**Data:**
------------------------------------------------------------
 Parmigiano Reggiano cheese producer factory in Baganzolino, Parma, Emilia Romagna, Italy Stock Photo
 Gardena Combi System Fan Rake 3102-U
------------------------------------------------------------
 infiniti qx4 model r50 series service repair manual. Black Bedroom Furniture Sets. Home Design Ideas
------------------------------------------------------------
Output should match, line for line, the stretch of the material above from the line holding "Parmigiano Reggiano cheese" through the line holding "Gardena Combi System Fan Rake 3102-U".

 Parmigiano Reggiano cheese producer factory in Baganzolino, Parma, Emilia Romagna, Italy Stock Photo
 Gardena Combi System Fan Rake 3102-U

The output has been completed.